PS-9148 feature: Decoupled threading and caching functionality in query_cache

https://perconadev.atlassian.net/browse/PS-9148

Threading-related functionality extracted from the 'query_cache' class into
a separate 'dictionary_flusher_thread' class.

This new class now accepts an instance of existing 'query_cache' class as
a parameter of its constructor in a form of shared pointer.

Changed the way how these two objects are now initialized / deinitialized in
'component.cpp' ('component_init()' / 'component_deinit()' functions).

PS-9148 feature: Refactored dictionary_flusher_thread

https://perconadev.atlassian.net/browse/PS-9148

'dictionary_flusher_thread' class interface ('dictionary_flusher_thread.hpp') now
includes no  public / internal MySQL headers.

Introduced internal 'thread_handler_context' class, which is supposed to be
instantiated as the very first declaration of the MySQL thread handler function -
it performs proper 'THD' object initialization in constructor and
deinitialization in destructor.

Introduced internal 'thread_attributes' class - an RAII wrapper over
'my_thread_attr_t' with proper initialization in constructor and deinitialization
in destructor.

Introduced internal 'jthread' class that similarly to 'std::jthread' from c++20
spawns a joinable thread in constructor and joins it in destructor.
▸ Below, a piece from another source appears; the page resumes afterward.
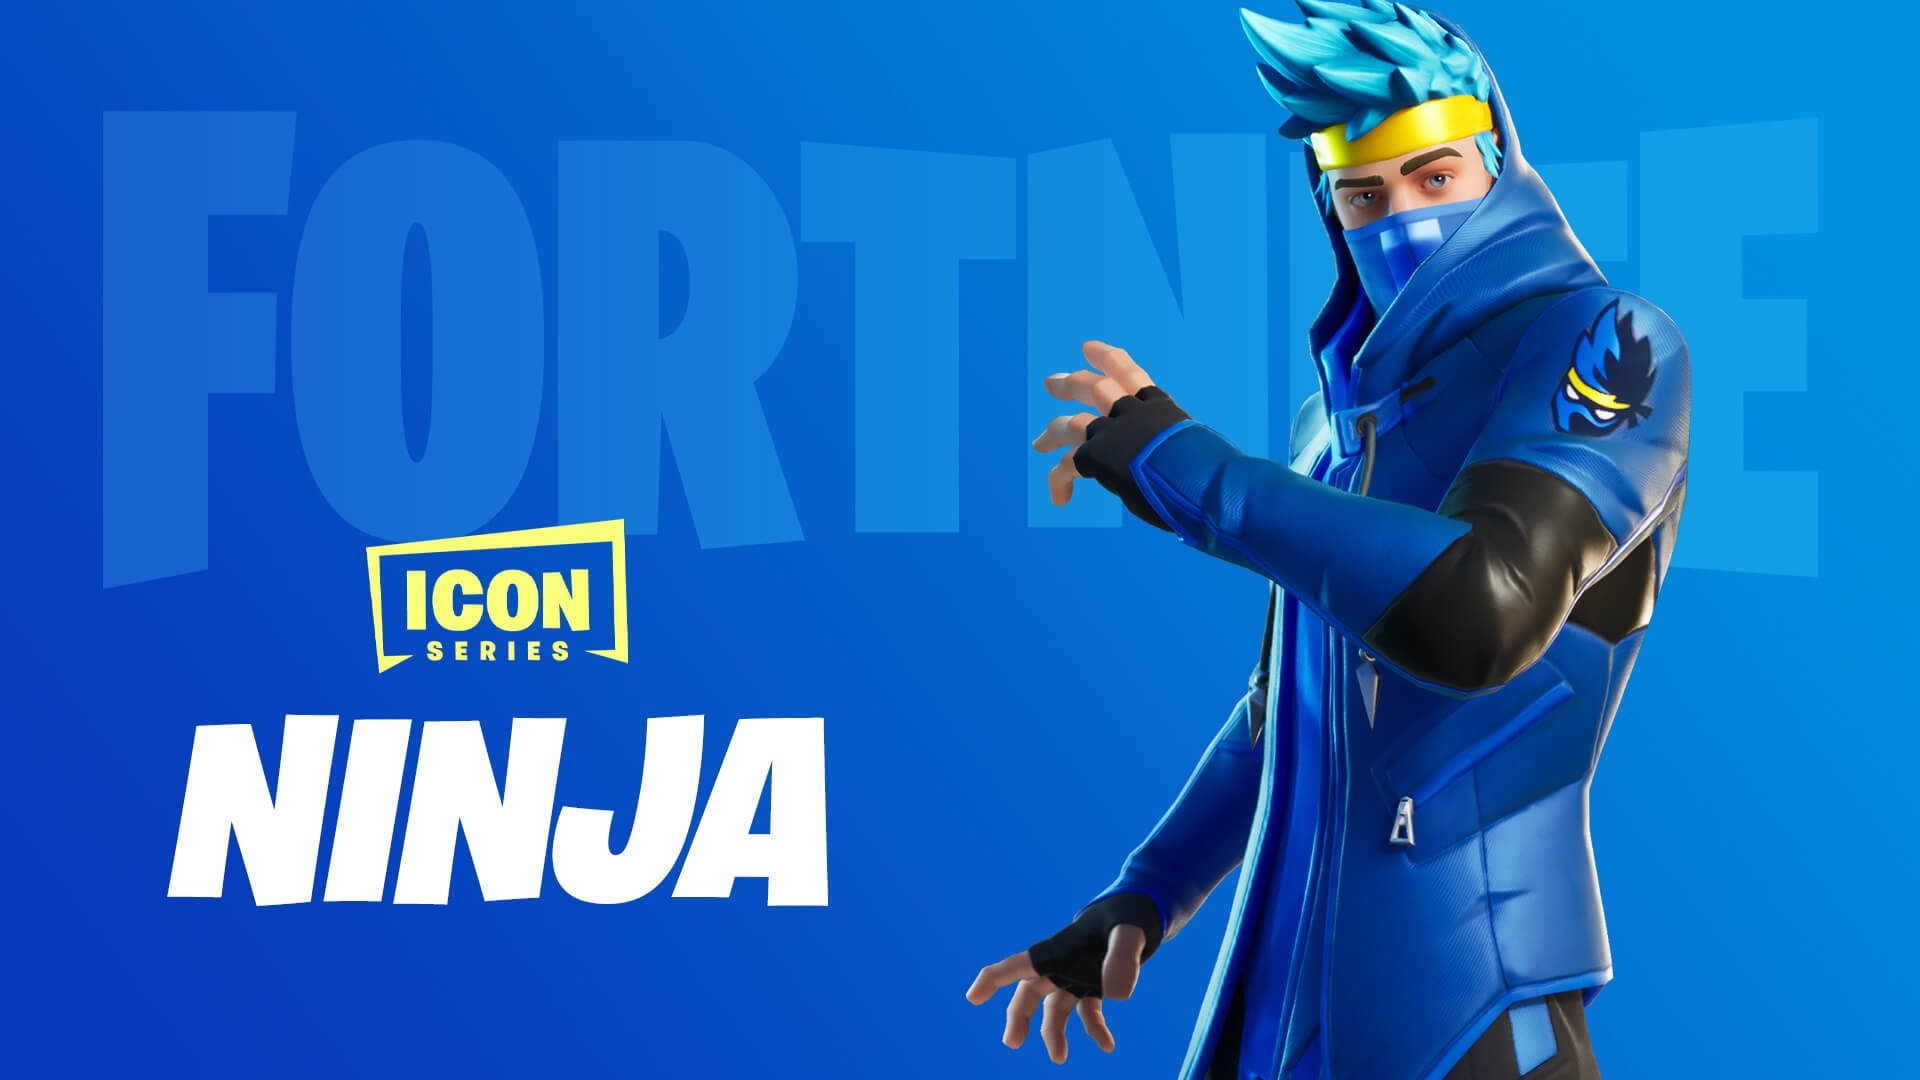 Blue Haired Ninja in Fortnite - wide 9

It expects
only meaningful logic in a form of 'std::function<void()>' from the user and
hides all the MySQL initialization / PSI registration boilerplate. It uses
an instance of 'thread_attributes' class when spawns a thread. It also creates
an instance of the 'thread_handler_context' class inside actual thread handler
function ('jthread::raw_handler()'). This class also makes sure that no
exception escapes actual thread handler function.

Refactored  error handling in 'component_init()'.

Fixed problem with updating 'stopped_' variable (which the condition variable
uses in its 'waitt_for()' method) without properly locking the mutex.

Fixed instabilities in 'component_masking_functions.rpl_dictionaries_flush_interval'
MTR test case.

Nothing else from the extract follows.